クローリングしてきたテキスト、画像をローカルに保存 #Python

Webから取得したデータを保存

requests とBeautifulSoup をインストールする

$ pip install beautifulsoup4

$ pip install requests

txtを書き込む

ニュースのトピックなどをローカルのtxtファイルに改行を挟みながら書き込む

title.py


import time
import sys 
import requests 
from bs4 import BeautifulSoup 

url = 'URL'
res = requests.get(url)
soup = BeautifulSoup(res.content,'html.parser')

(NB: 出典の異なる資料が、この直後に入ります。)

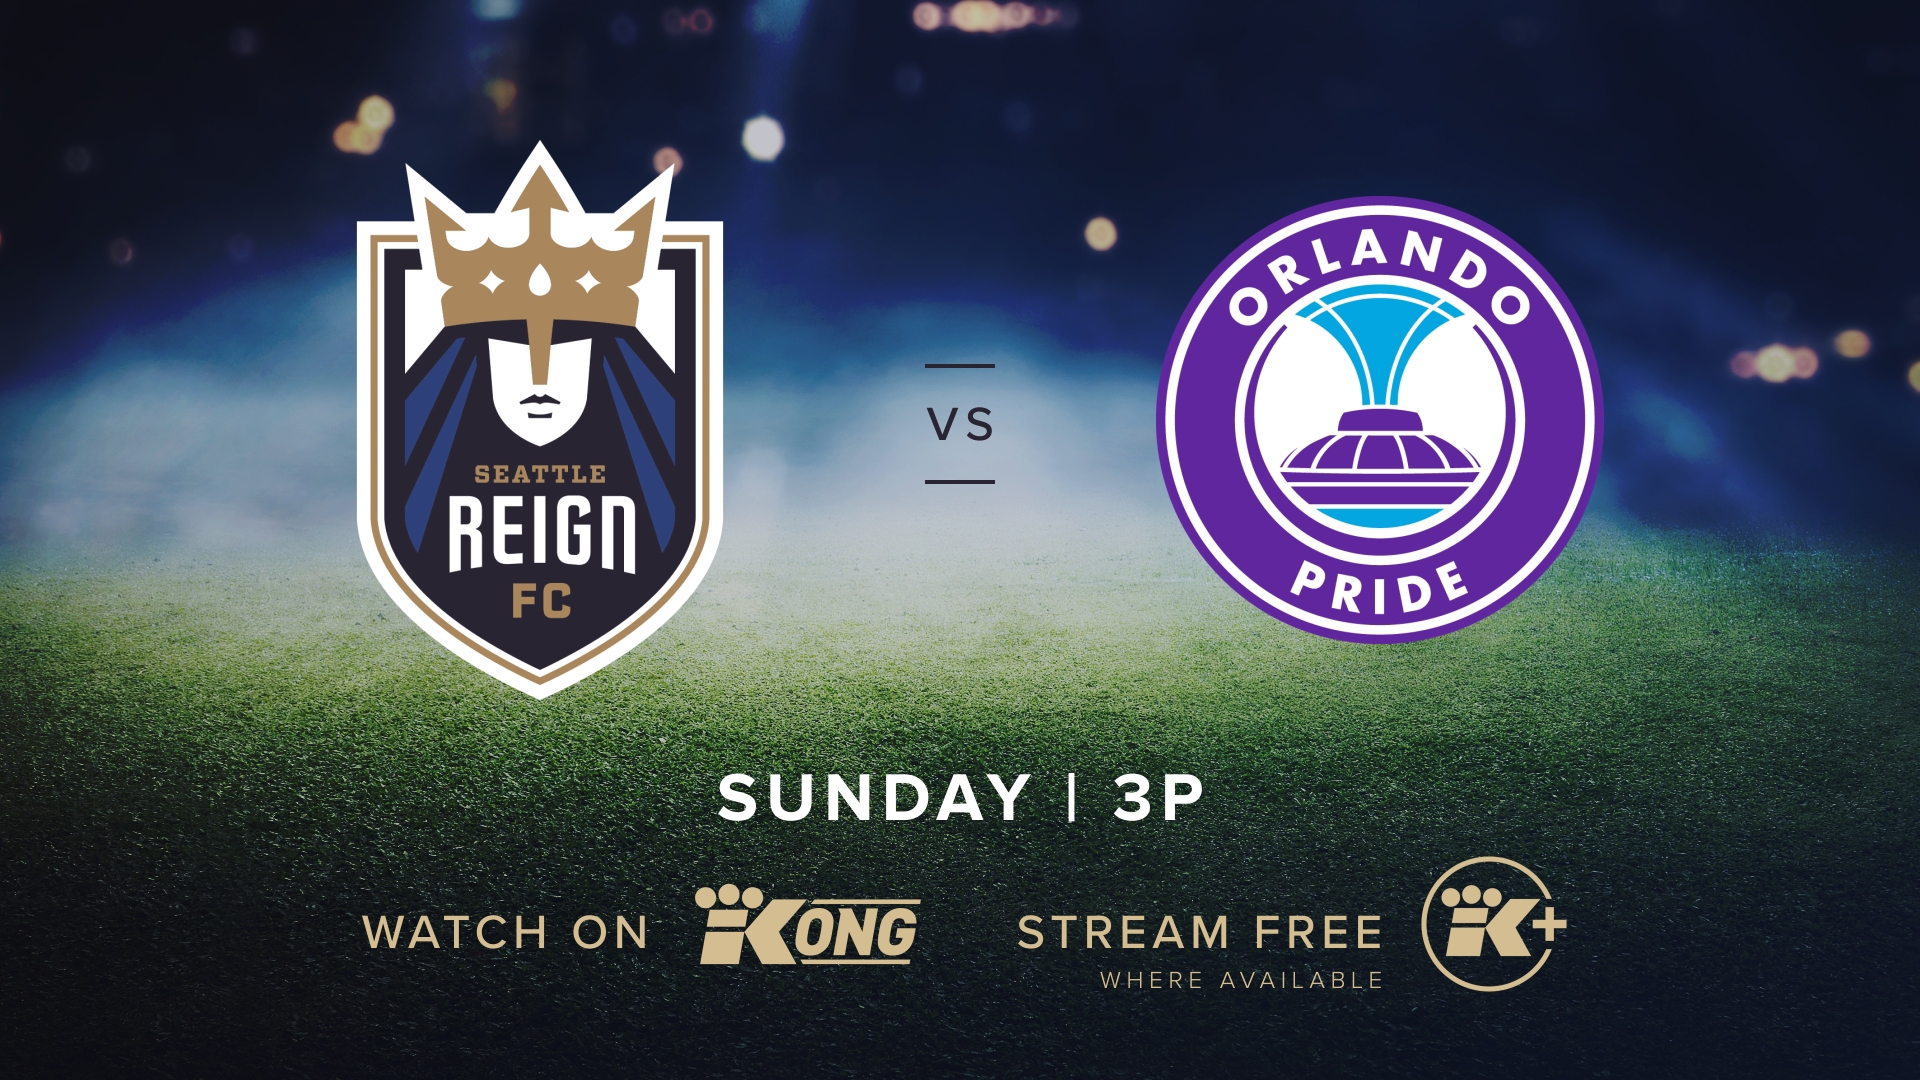 Watch the Seattle Reign FC take on the Orlando Pride at home. Available to stream in the Seattle market.

for a in soup.find_all("タグ",attrs={"属性": "属性名"}):
    try:
        h1_text = a.string 
        print(h1_text)
        with open('ファイル選択', 'a+') as f:
            f.write(h1_text+"\n")
    except Exception as e:
        print(e)
    finally:
        time.sleep(2)

ファイル選択では絶対パスを指定する

C:\workspace\sample.txt

なら

c:\\workspace\\sample.txt

jpgを書き込む

サイトの画像をダウンロードしてローカルに保存する

jpg.py

import time
import sys 
import requests
from bs4 import BeautifulSoup 
import shutil

url = 'URL'
res = requests.get(url)
soup = BeautifulSoup(res.content,'html.parser')
i = 0

def download_img(url, file_name):
    r = requests.get(url, stream=True)
    if r.status_code == 200:
        with open(file_name, 'wb') as f:
            r.raw.decode_content = True
            shutil.copyfileobj(r.raw, f)

def download():
    global i
    for tag in soup.find_all("img"):
        try:
            href = tag.get("タグ")
            download_img(href, 'ファイル名%d.jpg' %i)
            print(href)
            i = i + 1
        except Exception as e:
            print(e)
        finally:
            time.sleep(2)
try:
    while(True):
        if soup.find("タグ名" ,attrs={"src": "/common/img/blank.gif"}):　#画像があれば続行する
            print(y)
            download()
            break
        else:
            url = 'URL'
            res = requests.get(url)
            soup = BeautifulSoup(res.content,'html.parser')
except Exception as e:
    print(e)

試したときにはそのサイトが更新時に時々画像が表示されない場合があったのでタグを見つけたら開始するようにした

最後に

クローリングは便利だがサイトによっては利用規約などに禁止事項として載っている場合があるので注意する必要がある。
また、待ち時間を最低1秒以上はもたせて紳士的なクローリングを心掛ける